Posté sur fr.rec.arts.musique.rock à une époque où les dinosaures existaient encore…

A tous et toutes,

Le cocktail molotov et la mine anti-personnel sont, dit-on, les armes des pauvres et des pays sous-développés. De même, l’insulte est l’argument favori des pauvres en esprit. A lire ce forum régulièrement, il semblerait que les cyber-rockers soient particulièrement courts en neurones ces temps-ci. Pourtant, il y a insulte et insulte. Le discours polémique, s’il est mené avec un minimum d’imagination peut révéler des trésors de poésie trash.

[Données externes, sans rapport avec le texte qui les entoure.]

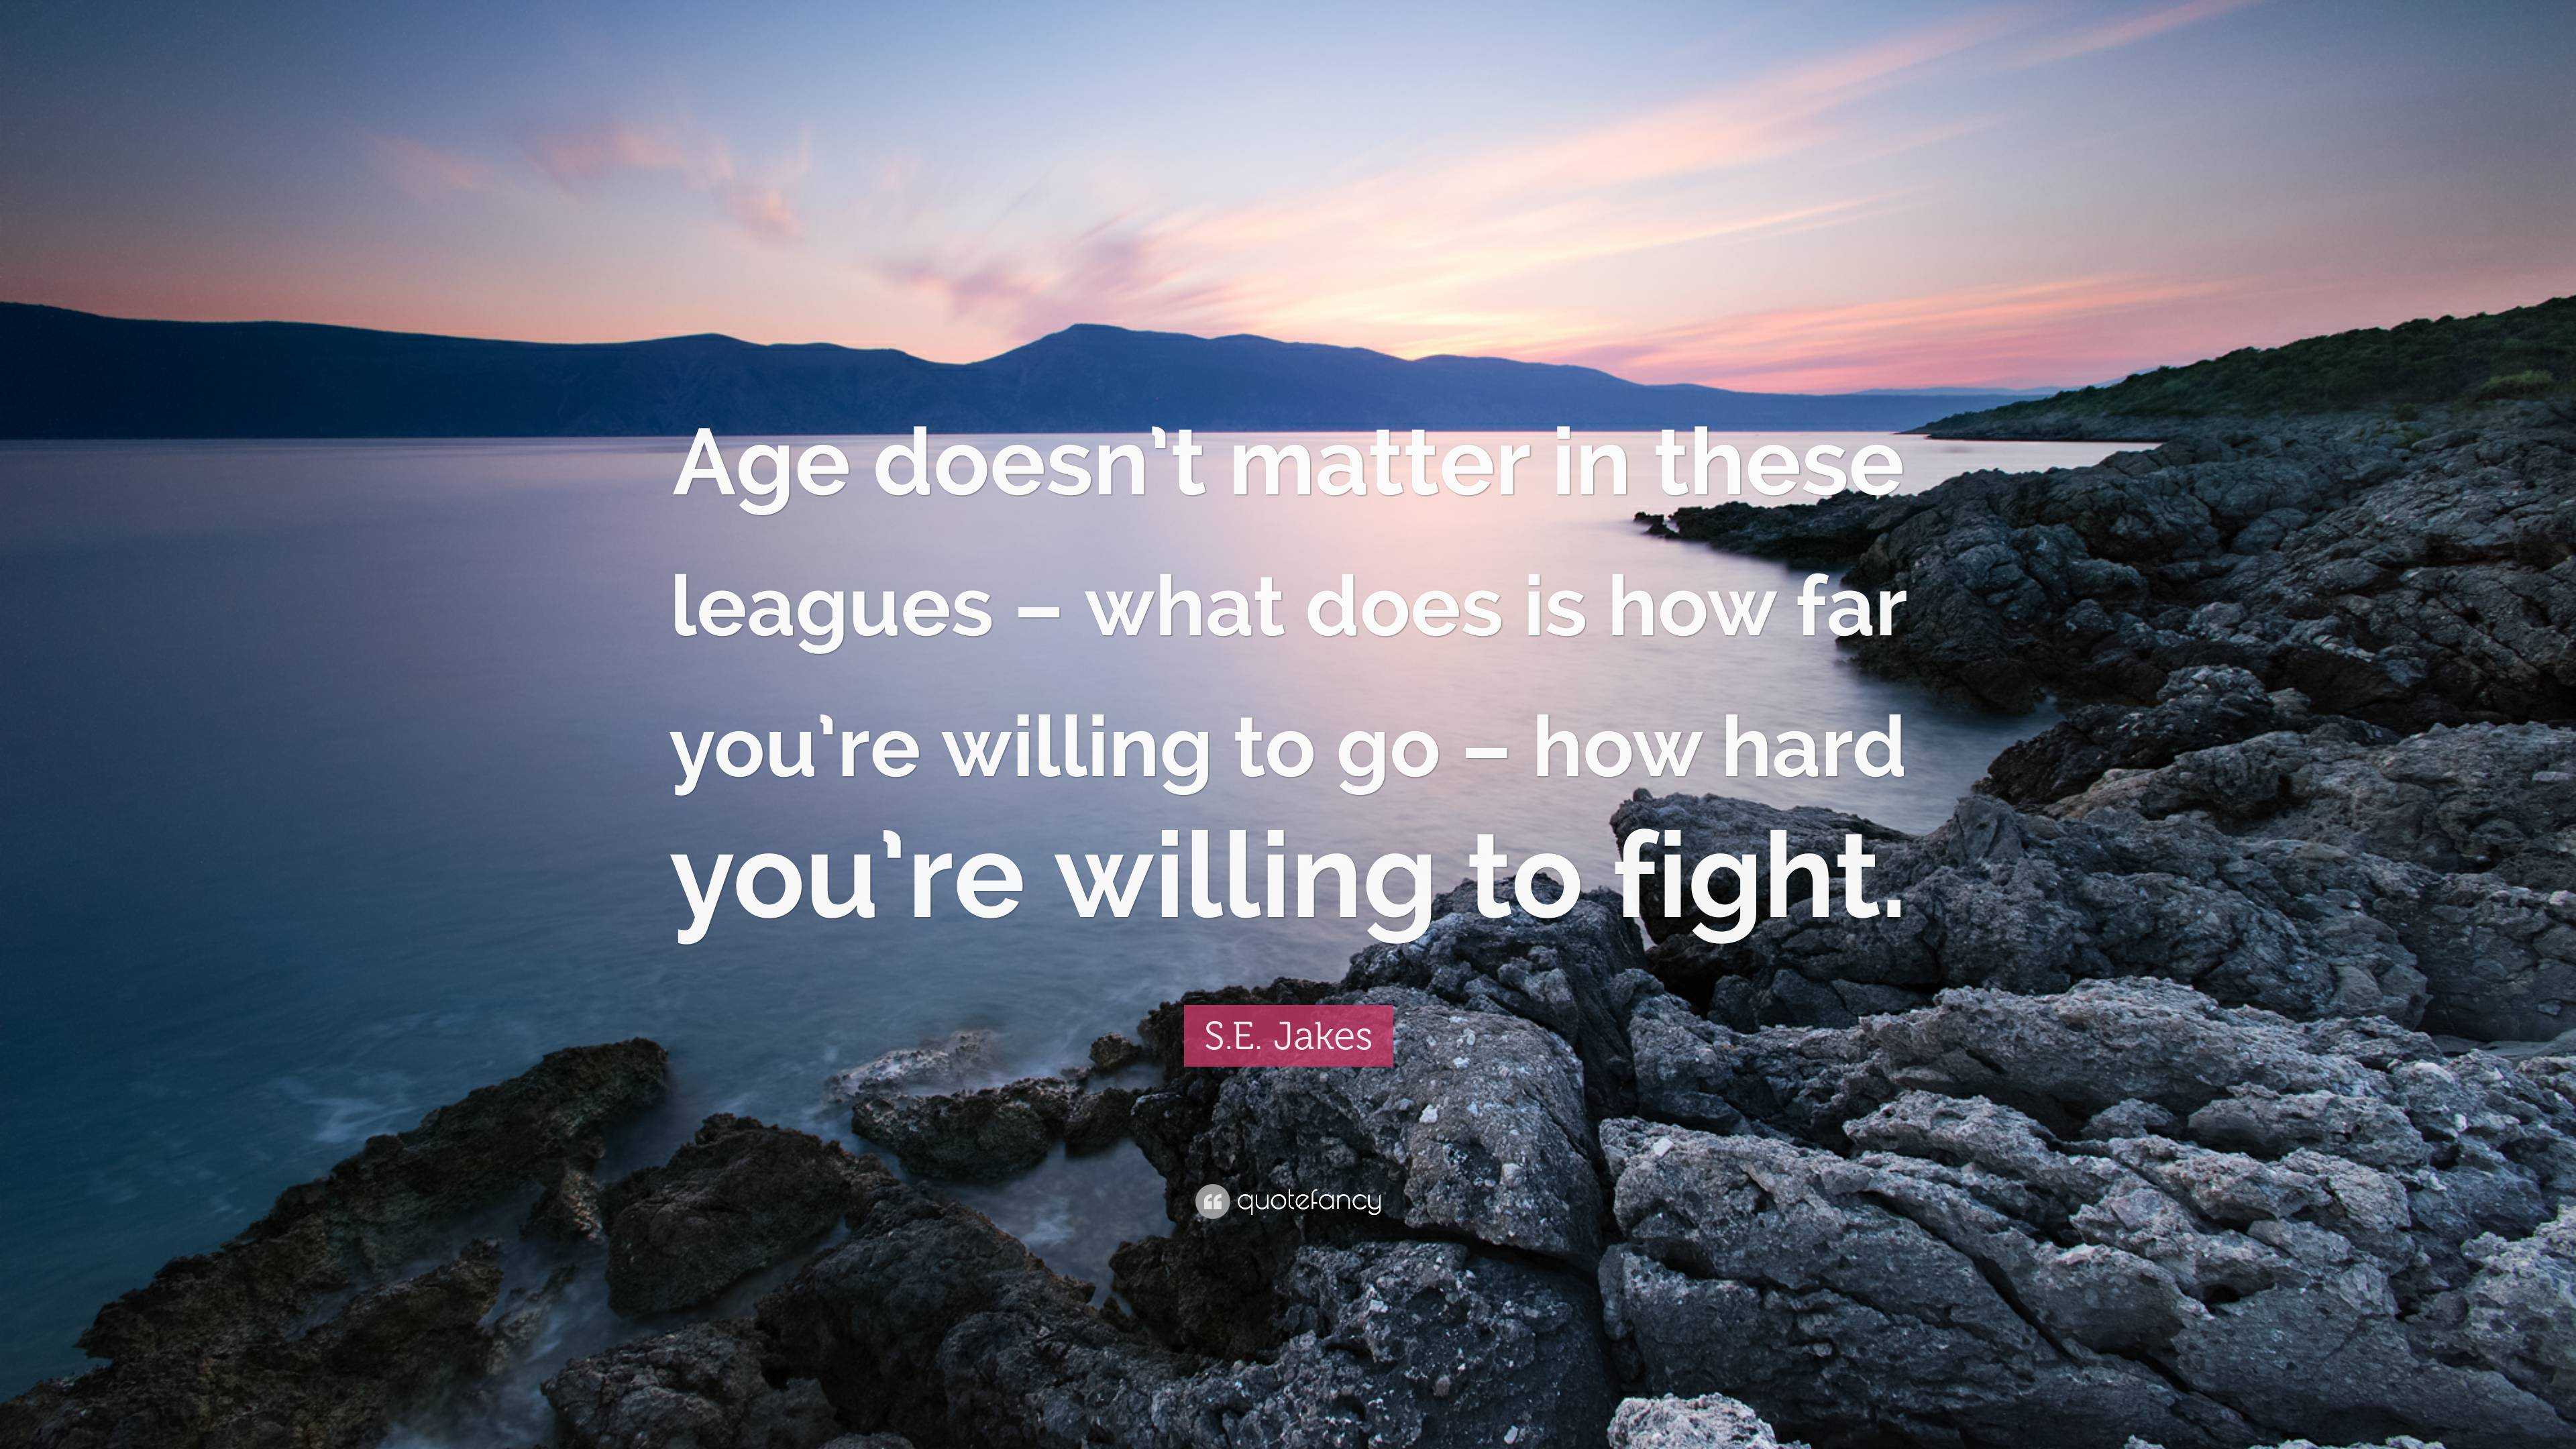 S.E. Jakes Quote: “Age doesn't matter in these leagues – what does is how  far you

Le rock me semble être un haut lieu d’expression de ce type de discours, aussi l’idée m’est venue (faut-il pas s’emmerder les dimanches…) de lancer un débat, ou plutôt un concours-défouloir de citation des plus belles insultes, des plus vibrants anathèmes et des plus salaces invectives que nous pourrions tous trouver dans nos albums préférés.

Rien à gagner, juste du temps à perdre, avec peut-être l’espoir, à la fin, d’avoir constitué un beau catalogue des perles noires de la poésie urbaine.

Puisque je propose l’idée, autant que je lâche ma première trouvaille. Celle-ci remonte au bon vieux temps du french-punk des early 80’s, et de l’un de ses héros. J’ai nommé l’apocalyptique, l’acide, l’emphatique… et le méconnu : Alain Z Kan ! Dans l’album « Parfum de nuit », dans la chanson « Schwartz market », j’ai trouvé ceci que je ne résiste pas à citer longuement pour que, même sans la musique, vous puissiez vous imprégner du contexte (éloignez les âmes sensibles, les puritains et les enfants, svp) :

« Hé toi ! gros pédé, ne ris pas ! regarde ! regarde ta famille innombrable qui s’avance. Ta belle famille de rats ! Prépare ton cul ! Ton frère, ce monstre à l’allure sage que la justice n’a pas encore surpris va enfin t’enculer, salopard ! Déjà tu jouis, l’idée seule de te faire baiser gonfle ta queue répugnante ! Bientôt tu sentiras ses dents te fouiller les intestins. Tu crèveras de douleurs affreuses. « Pas de pitié sans une sorte de conscience appliquée disait Artaud ». Ton frère rat a de la conscience appliquée. Un flux de sang te gonflera la gorge. Alors il te plantera l’embout à poppers dans le nez.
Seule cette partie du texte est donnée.